Keyboard shortcuts

Press or to navigate between chapters

Press S or / to search in the book

Press ? to show this help

Press Esc to hide this help

Determinism

Determinism in Vajra is not a feature. It is a structural guarantee.

Given identical input bytes, identical configuration, and identical Vajra version, the output is identical — byte for byte. Fingerprints, scores, orderings, essence text, anomaly rankings. Every run. Every platform. Every time.
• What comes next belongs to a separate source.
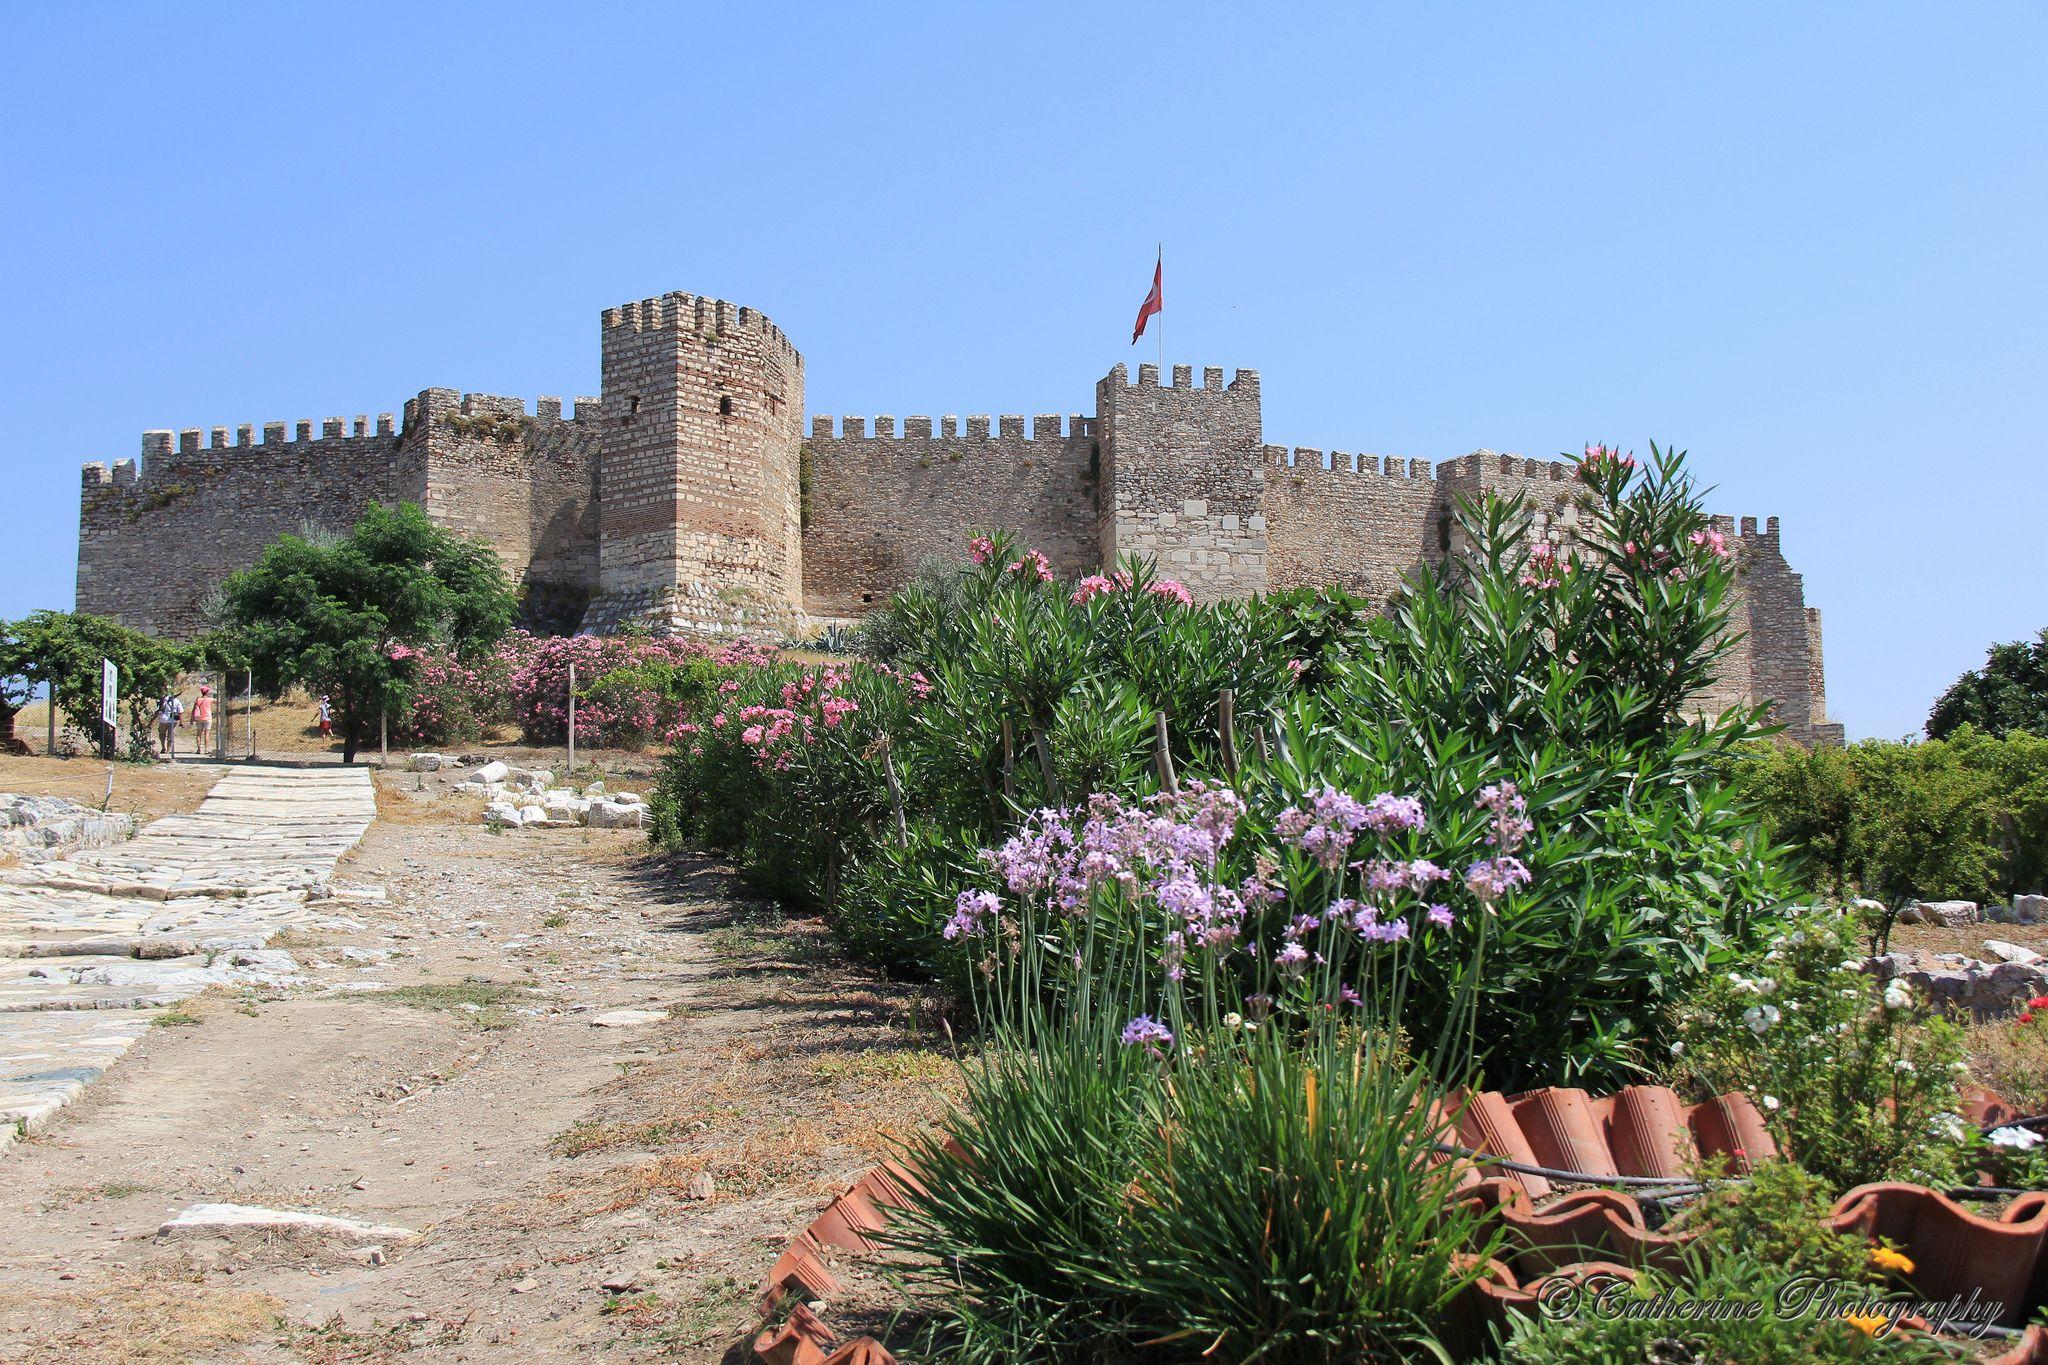 https://flic.kr/p/BgKbUL   Basilica st John, Selcuk   Basilica St John at Selcuk. a well preserved and maintained Roman ruin

This is what makes Vajra trustworthy in CI pipelines, audits, compliance workflows, and AI systems that depend on stable preprocessing.


The Guarantee

Identical:

  • Input bytes
  • Configuration (profile, flags, config file)
  • Vajra version

Produces identical:

  • Fingerprints
  • Scores (to floating-point bit-level)
  • Orderings
  • Essence text (byte-for-byte)
  • Anomaly rankings

Sources of Nondeterminism and How Each Is Eliminated

The HashMap Rule

Problem: Rust’s HashMap uses a random seed for its hash function (SipHash with random key by default). Iteration order is nondeterministic. Any code that iterates a HashMap and includes the iteration order in output produces nondeterministic results.

Mitigation: BTreeMap is used for all externally-visible orderings. HashMap is permitted only for internal scratch computations where iteration order is never observed in output.

This is enforced by code review and tested by the determinism test suite. If a HashMap iteration order leaks into output, the 10-run determinism test catches it immediately.

The Thread Scheduling Rule

Problem: Rayon’s parallel batch processing schedules work across threads nondeterministically. If results are merged in arrival order, the output depends on thread scheduling.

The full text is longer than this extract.